听到这里,范晓晴十分做作的拿起手绢挡住了鼻子。岑年尴尬的顿了顿。
“下官询问了张郎中的内眷,说是曾受王府之托前来看诊,不知侧王妃可知晓此事?”
“竟然会发生这样骇人听闻之事!”范晓晴故作惊讶,泪水涟涟的看着岑年说道:“请张郎中入府我是知道的,我的丫鬟红儿,家里人得了重病,我见红儿每日忧虑也属是不忍心,这才将红儿家眷接入府中,请张郎中来看病。”
“管家,去将红儿叫来。”范晓晴对着管家吩咐了一句,继续对着岑年说道:“这红儿的家眷仍在府中,等待着张郎中的到来,这一下肯定是要耽搁病情了!”
看着范晓晴唉声叹气楚楚可怜的模样,岑年擦了擦额头上的汗,心想这果然是妇道人家,郎中都死了还想着看病的事情。
不过一会儿,管家便领着红儿来到了外堂前厅。
“奴婢红儿见过岑大人,见过侧王妃。”
“红儿快起来吧,想必你也听说了吧,可怜的孩子,你放心,本妃会再给你的家眷找一个好郎中的!”范晓晴亲自上前将红儿服了起来,话语里满是心疼。
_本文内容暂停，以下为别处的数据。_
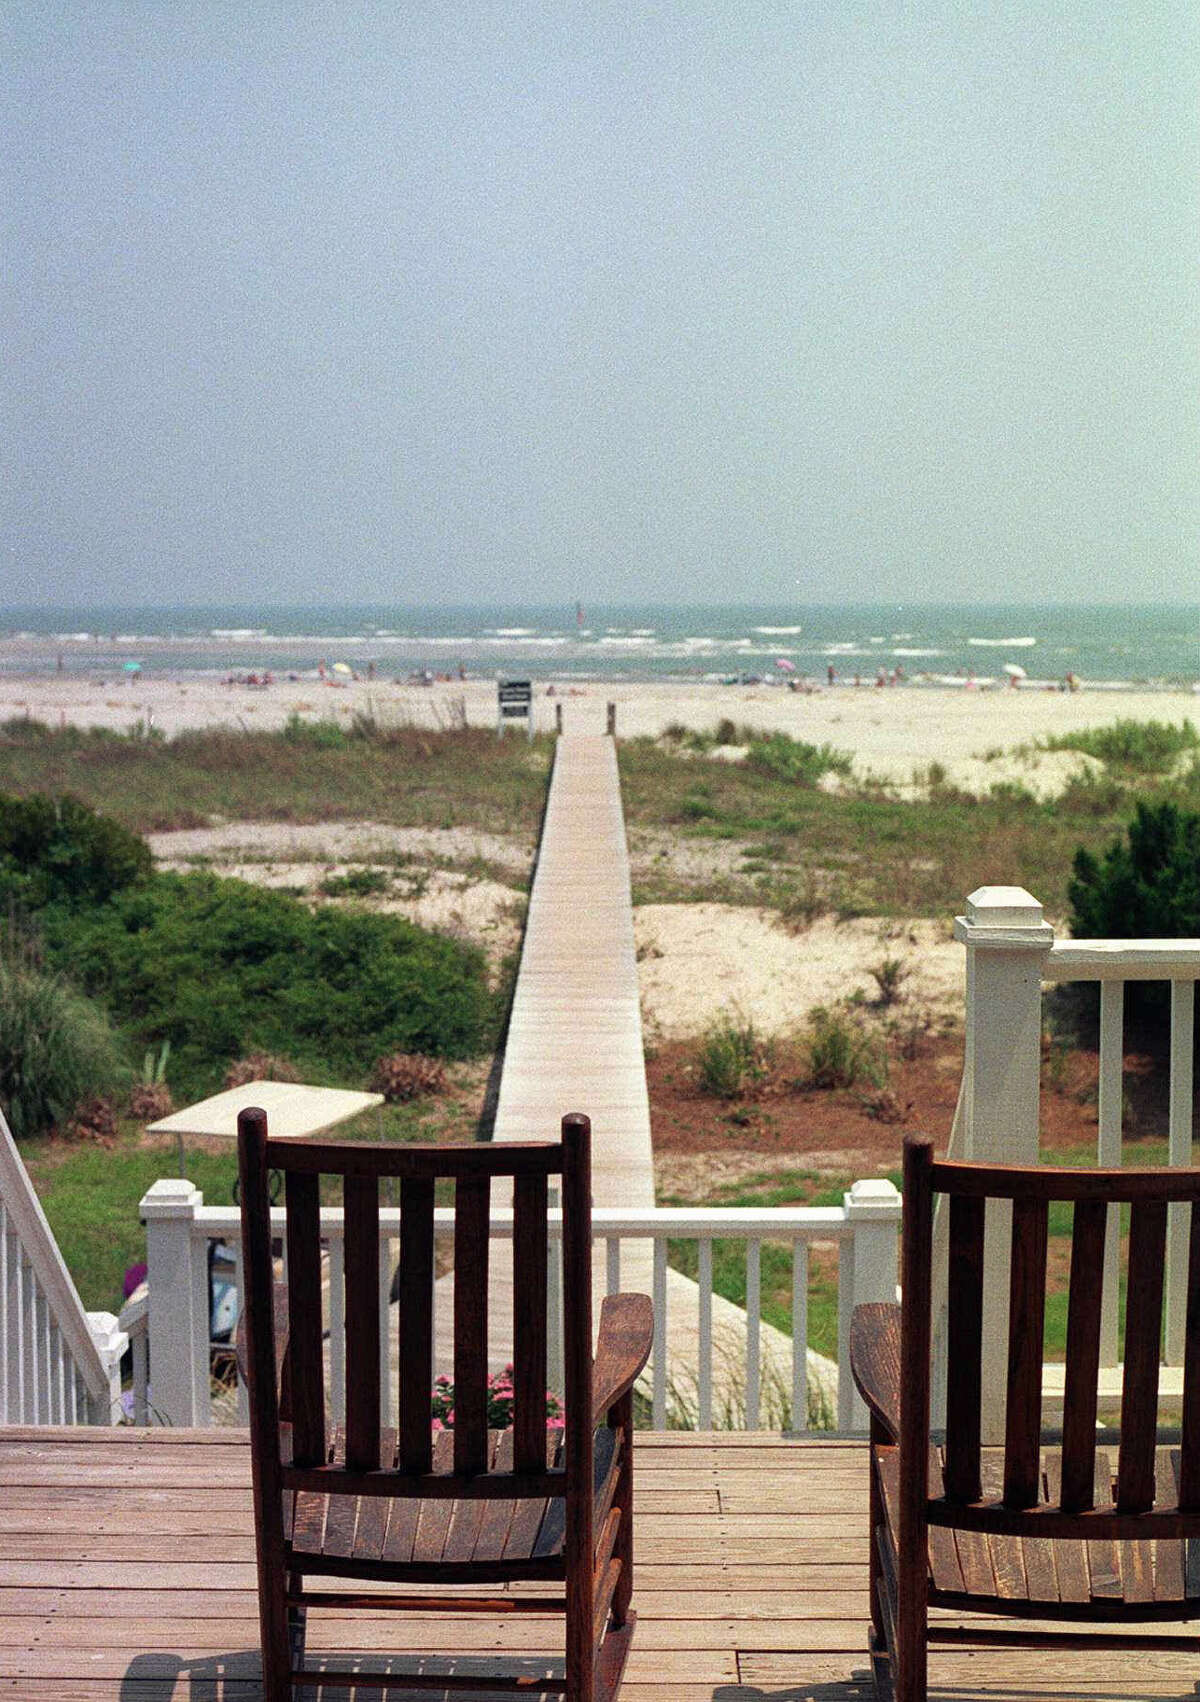 KRT TRAVEL STORY SLUGGED: PALMS KRT PHOTOGRAPH VIA THE CHARLOTTE OBSERVER (KRT12-Aug. 26) Beaches at Wild Dunes, north of Charleston, South Carolina, on the Isle of Palms, look straight from a PBS nature special. There are no crowds at this gated resort community's beaches, just crabs and gulls playing hide and seek. (jdl11324) 1996 (COLOR) (Additional photo available on KRT/Presslink or upon request.)

岑年见状也不好再说什么,心想这件事或许真的与王府没有关系,这些人根本没有伤害张郎中的动机。
“这红儿也见了,那下官便不多逗留了。侧王妃,下官告退。”
“本妃也不便相送了,岑大人告辞。”
“留步。”京兆尹岑年行了个礼,转身随着管家出门而去。
废弃矿洞之下。
由着小二领头,云诺陌轩一行人举着火把,艰难的进入到最左边第一个山洞的通道之中,越往前走,云诺的心里越是忐忑,紧紧地握了握陌轩的手。
感觉到云诺的害怕和紧张,陌轩轻声安慰道:“诺儿别怕,等一下不管发生什么事,躲在我的身后,我会保护你的!”
一想到方才云诺手臂脱臼,陌轩的心里便深深的自责着,看着云诺的眼神充满了歉意。
越往里走,通道中的血腥味就愈发的浓重,众人脚下不断出现更多的白骨。
“看来这里死了不少人,恐怕是从前的矿工丧生在这里。”云诺十分不安的开口说道。
走到通道的最里面,小二突然看到了什么,赶忙开口说道:“这里似乎是一个弯道,大家紧紧抓住绳索。”